It just tells us that McDonald’s whatever else it does spends $ 150 million every year on employee college scholarships. (Wow! You could buy eight yachts for that!) It recounts sentimentally the age-old American success story of the immigrant working hard, getting educated, advancing in a land of opportunity. It adds to the Norman Rockwell narrative the nurturing hand of the corporation.

(There are currently between 1.5 and 1.9 U.S. employees of McDonald’s. So there’s around $70-100 per employee in the college fund.)

The subliminal message of the “Maria’s Graduation” ad campaign is: by spending $ 4.79 stuffing your face with your next double quarter-pounder with cheese you help Maria and all those endearing waif-like Marias out there—Latina Marias, Italian Marias, all the haunting Marys in all those Springsteen songs, named after the Holy Virgin Mother of God Herself—to realize their dreams under capitalism.

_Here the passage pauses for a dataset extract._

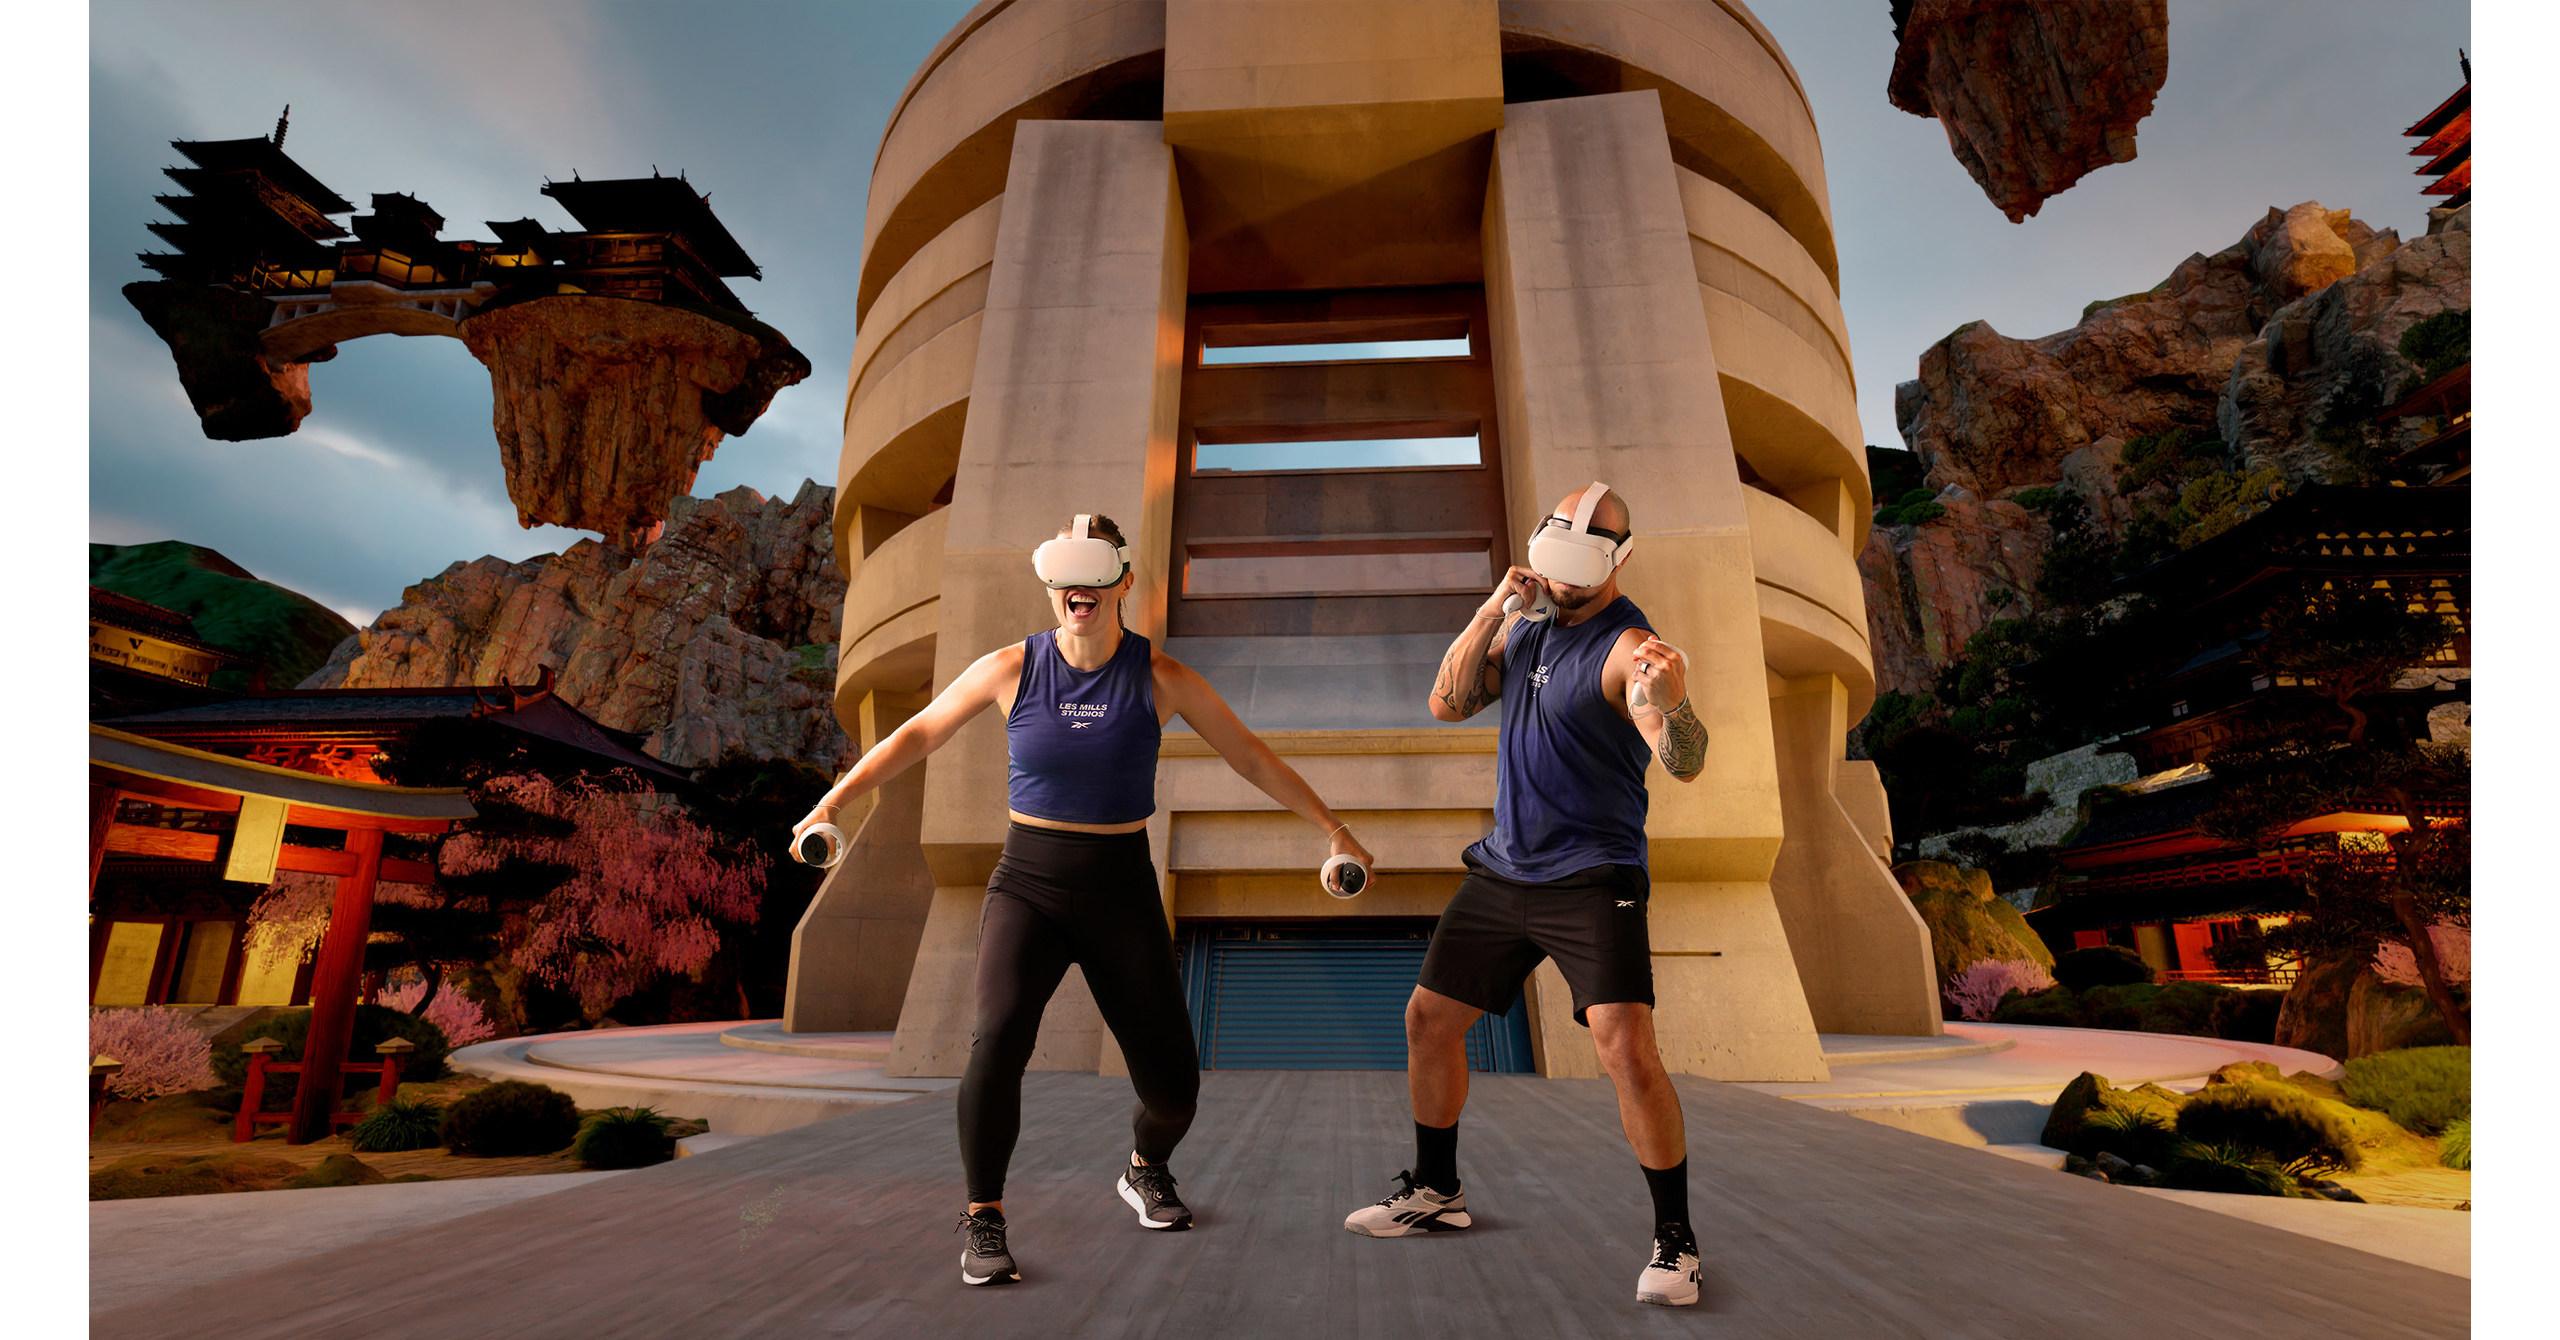 Les Mills takes martial arts into the metaverse with BODYCOMBAT VR app

How much does McDonald’s spend every year advertising its philanthropy, to advertise (and shield) itself? It’s total advertising budget for 2017 was $ 1.5 billion. By my math the employee scholarship fund equals .01% of the advertising expenditures.

A double filet o’ fish meal will cost you $6.79 (and help Maria through Bio 101). Buy one every month and you’ll pay for her subsidy. As you chew, and wipe dripped tartar sauce from your shirt, think about young female Latina empowerment.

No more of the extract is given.